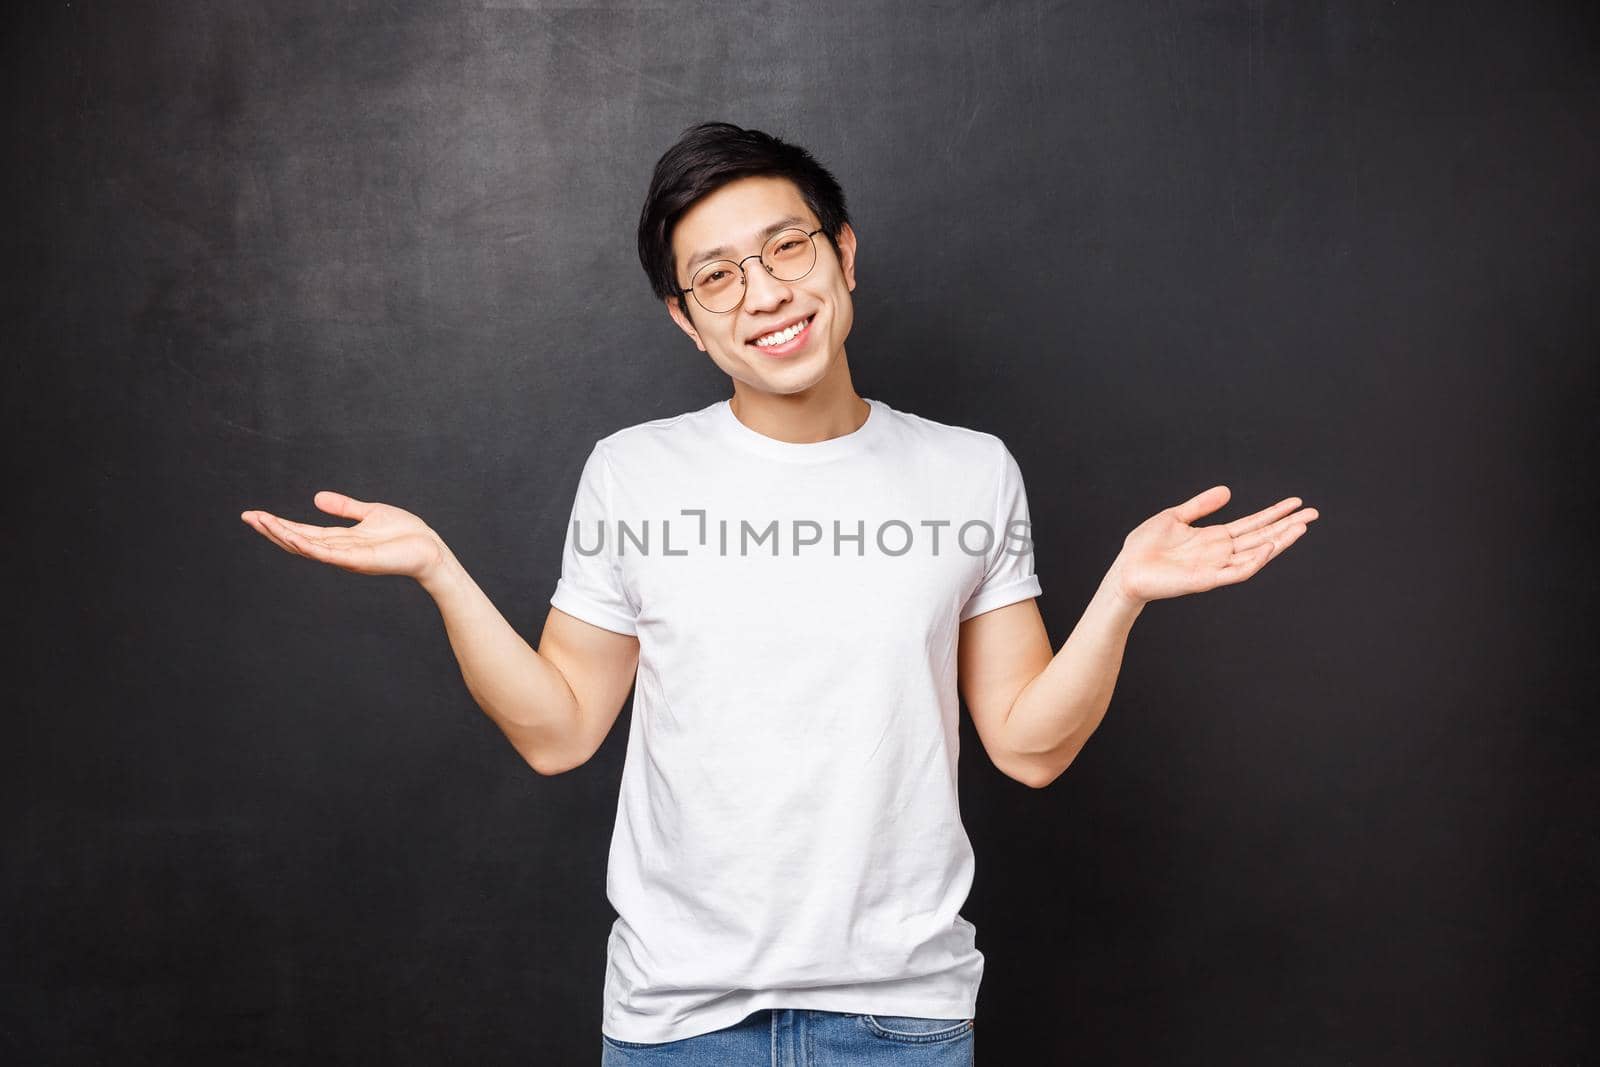 No big dea. Handsome carefree and unbothered asian guy shrugging and spread hands sideways clueless, have no idea, dont know anything and not care at all, black background, smiling.
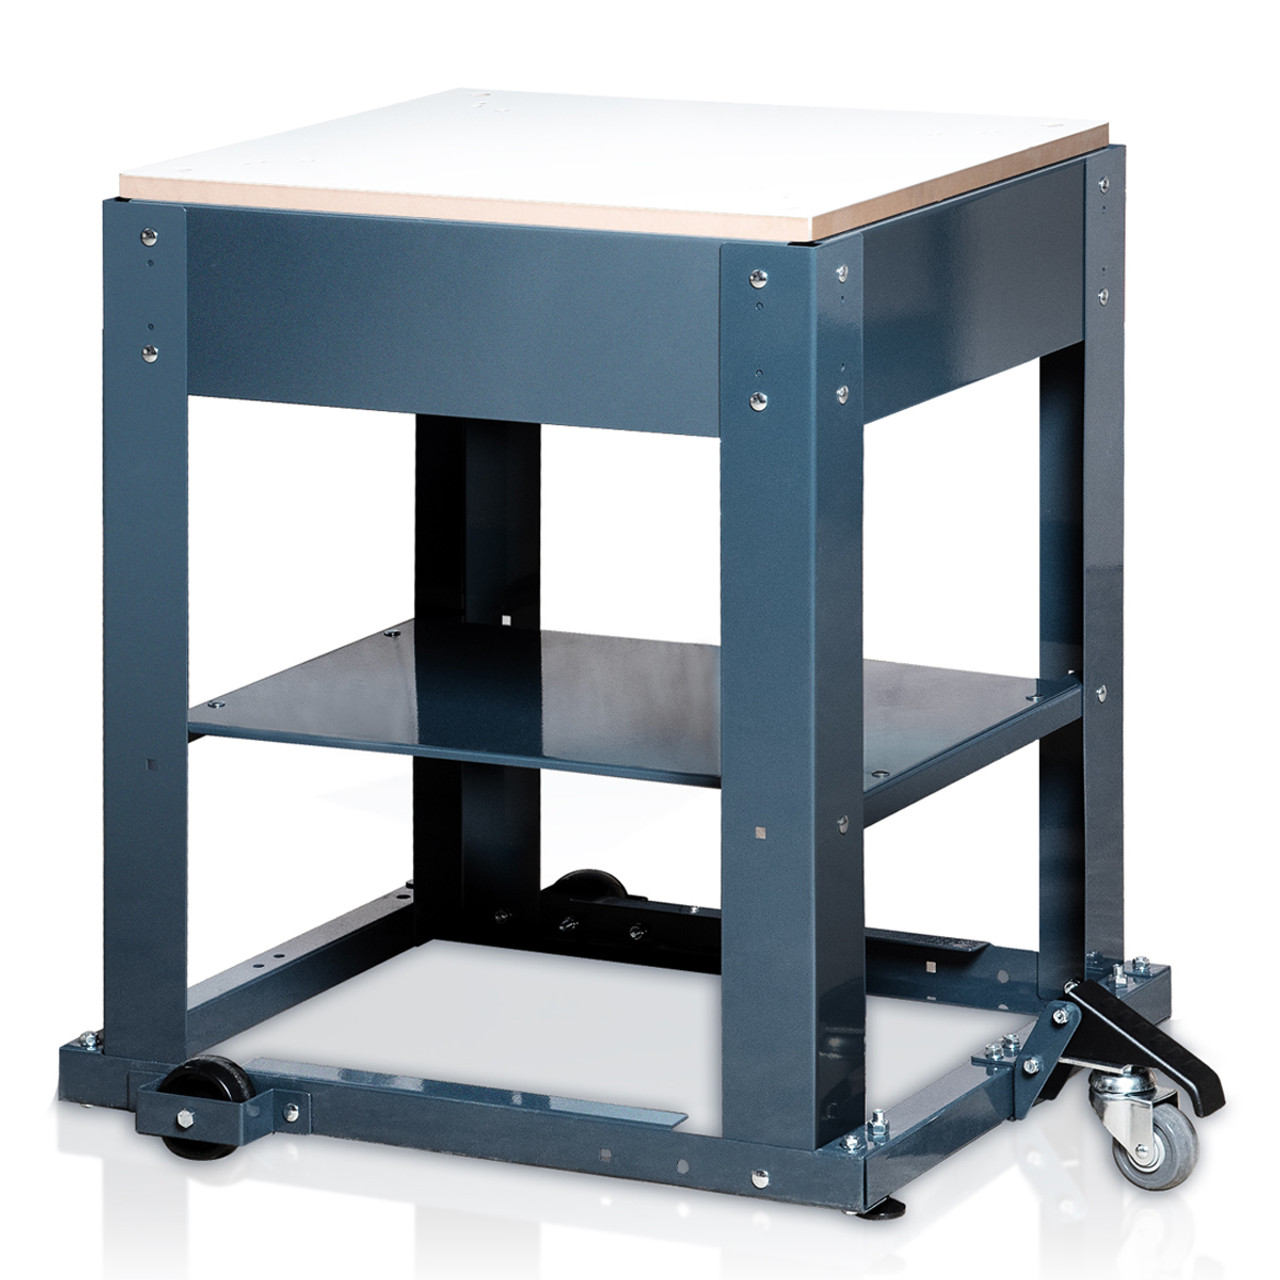 UT1008 Multi-Purpose Planer Table Stand with Wheels
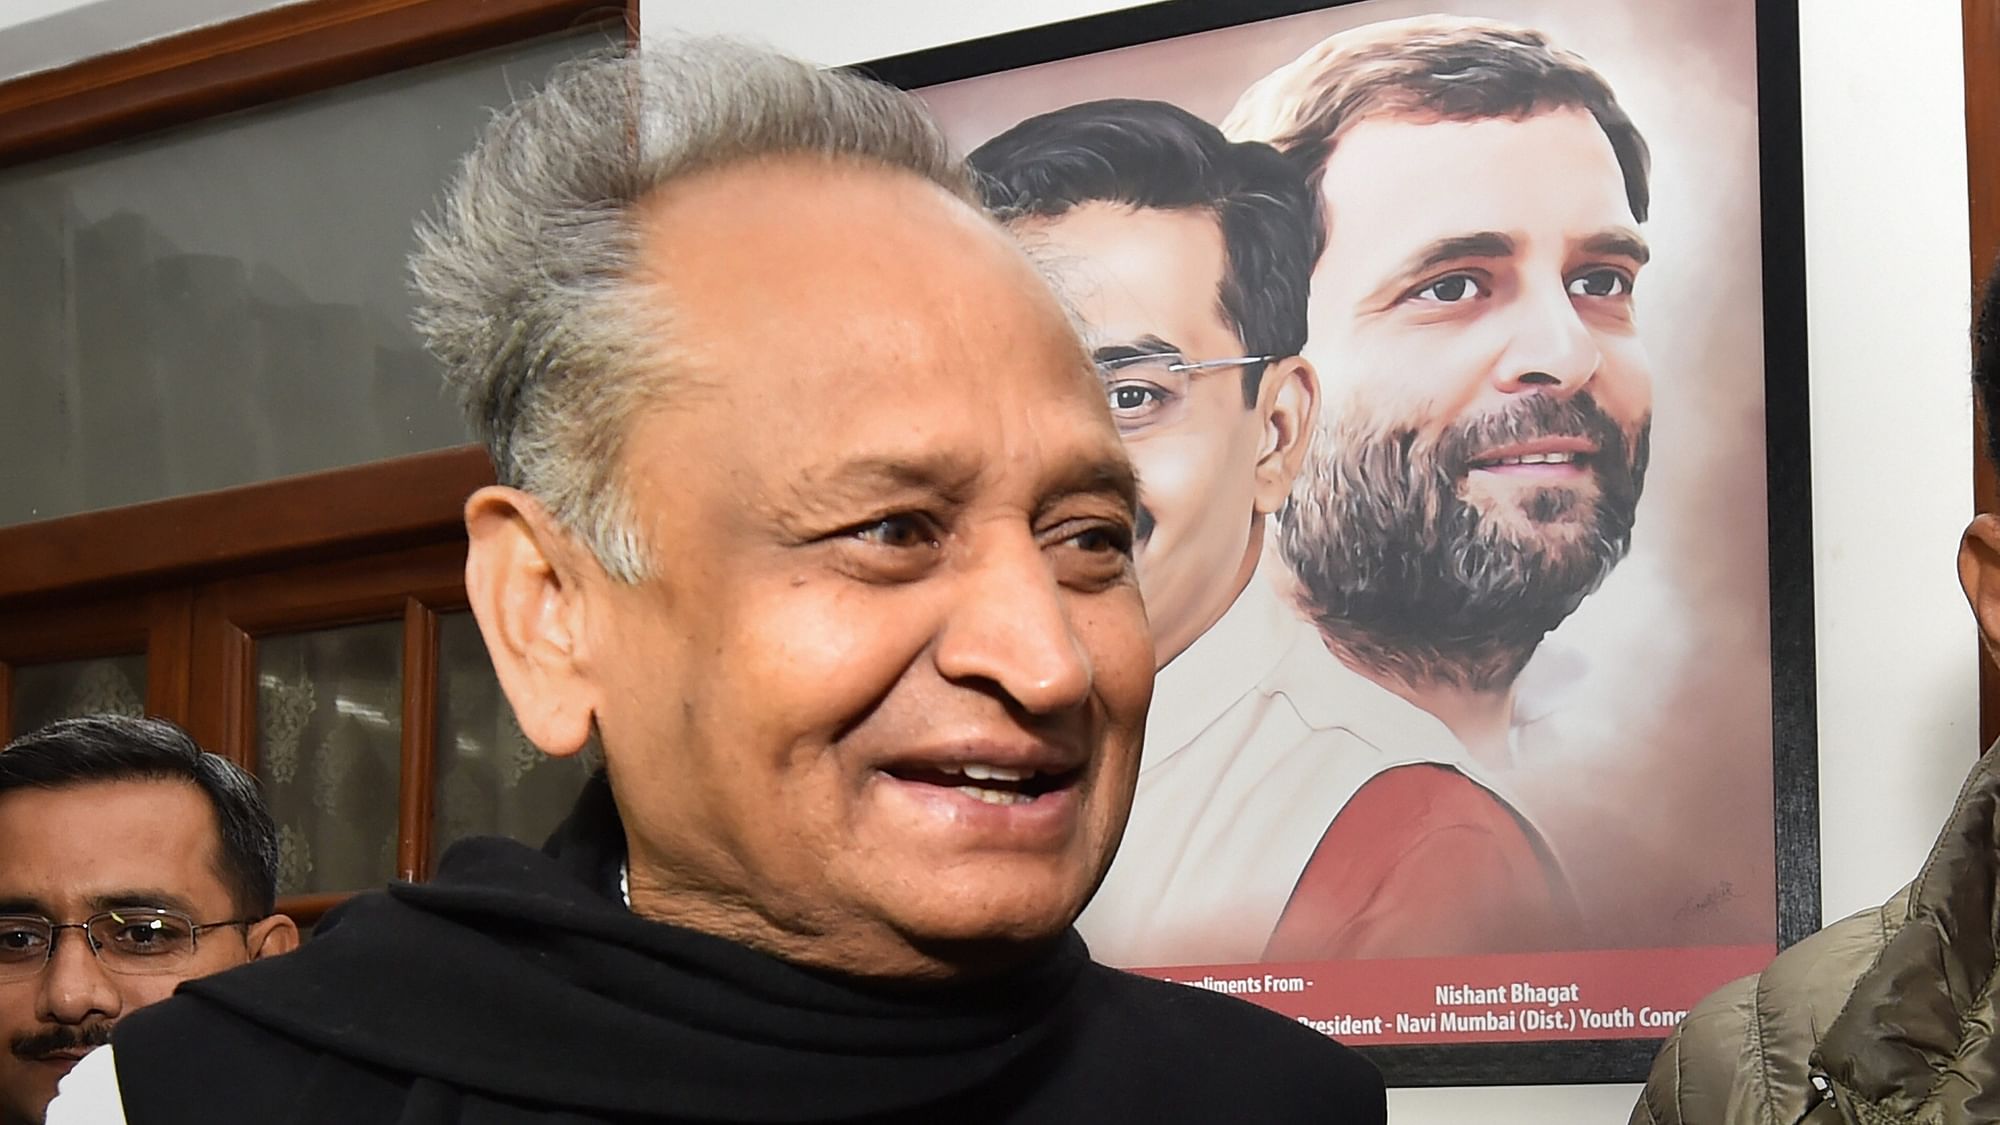 Rajasthan Chief Minister Ashok Gehlot has written to President Ram Nath Kovind, asking him to intervene and ensure that an Assembly session can be held immediately.

☆ ☆ ☆ ☆

WORK TO COMPLETE ->
Only the lines from the one with "UT1008 Multi-Purpose Planer" to the last line of the listing, inclusive, are to be set down, exactly as they stand and without pictures.

RESULT OF THIS TASK ->
 UT1008 Multi-Purpose Planer Table Stand with Wheels
 Rajasthan Chief Minister Ashok Gehlot has written to President Ram Nath Kovind, asking him to intervene and ensure that an Assembly session can be held immediately.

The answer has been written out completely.